Purpose For Dental Crowns
- Can prevent a broken tooth from further damage
- Will hold together a previously cracked or broken tooth
- Support a large filling if there is substantial tooth decay or loss
- Hold a dental bridge in place
- Cover dental implant
Types of Crowns
Not all crowns are made of porcelain. Stainless steel and other metals are also used such as gold, resin, and ceramic. Porcelain is favored because the color is a genuine look that is more natural.
- Stainless steel dental crowns are usually temporary. It acts as protection for the tooth while a permanent one is being made. It is common for stainless steel to be used for children’s dentistry because they are covered by low-cost dental care.
- Gold and platinum, or metal-base alloys last the longest and are the strongest crown types available. These metals are used for teeth that are mostly unseen.
- All-Resin crowns are the most inexpensive crowns. They may break down quicker than steel, gold or platinum
- Porcelain-fused-to-metal dental crowns match the color of your teeth the best. These are the soundest types of dental crowns for front and back teeth and great support for dental bridges.
Dental Crown Procedure
An x-ray will provide images to help take a closer look for tooth reshaping and to fit the temporary crown. The results of the x-ray will present a thorough look at both teeth and jawbone to be sure the area is clean and ready.

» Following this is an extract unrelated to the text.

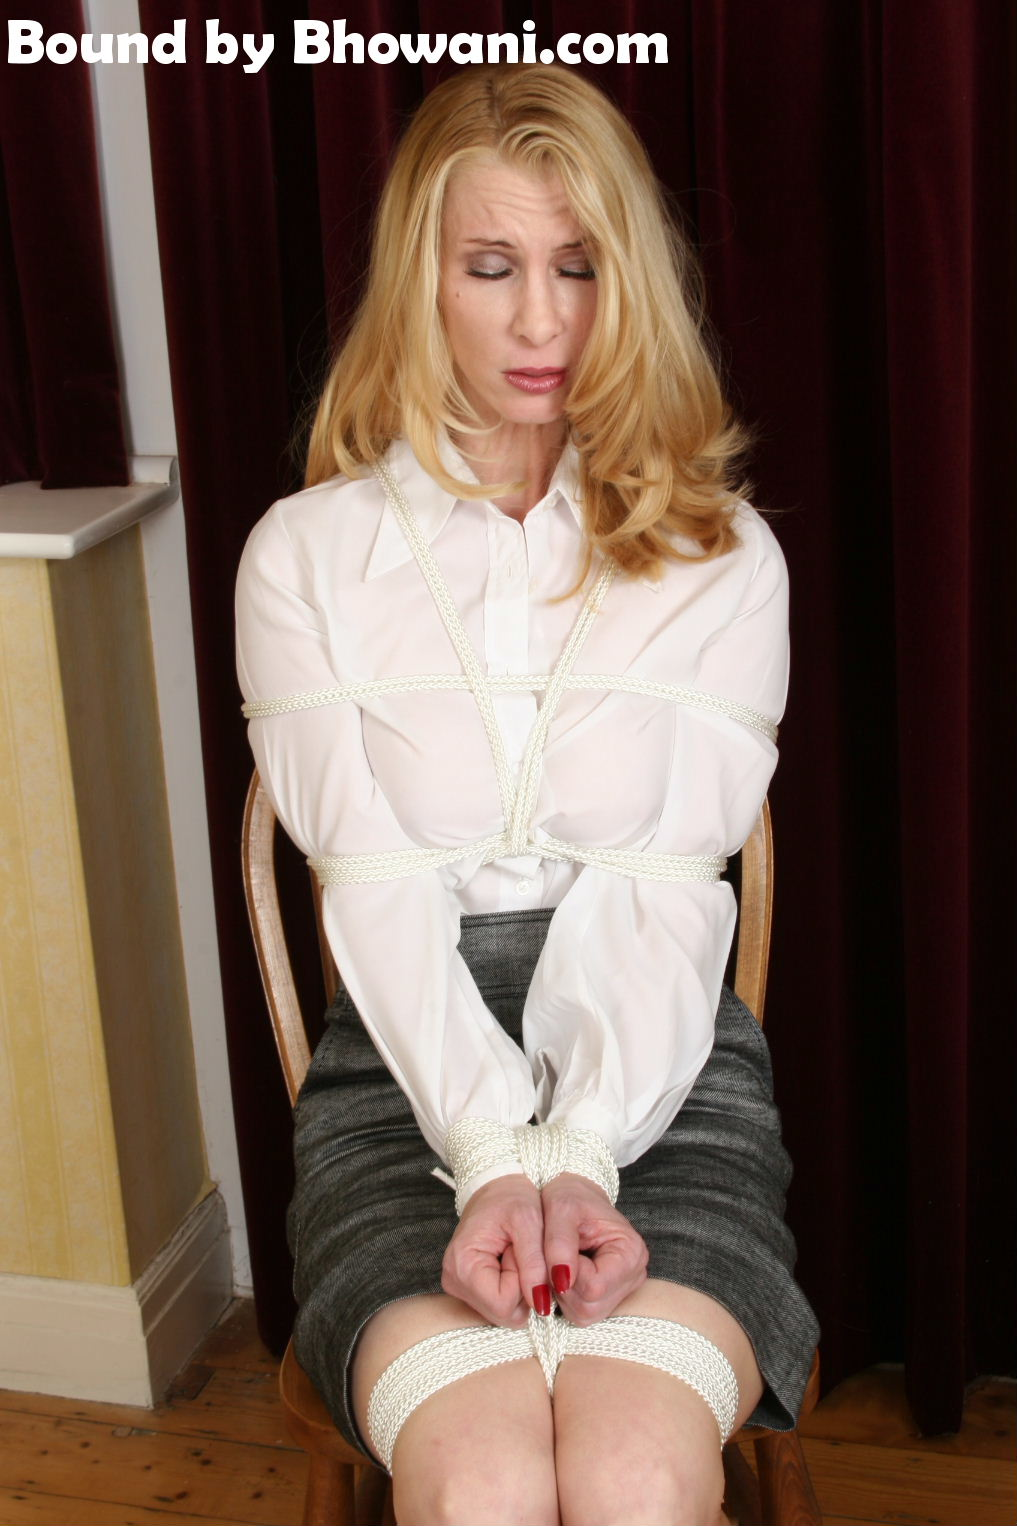 Tied Up Secretary 2

In order for the crown to fit properly over the tooth, the tooth is shaped. A file is used to shape the crown while any tooth decay will be addressed and managed at this time.
An impression will be made on both sides of your mouth so the bite is equal. A cast or model is formed from a paste-like putty that mimics the exact shape of your mouth.
It can take up to three weeks for the laboratory to make the new permanent crown.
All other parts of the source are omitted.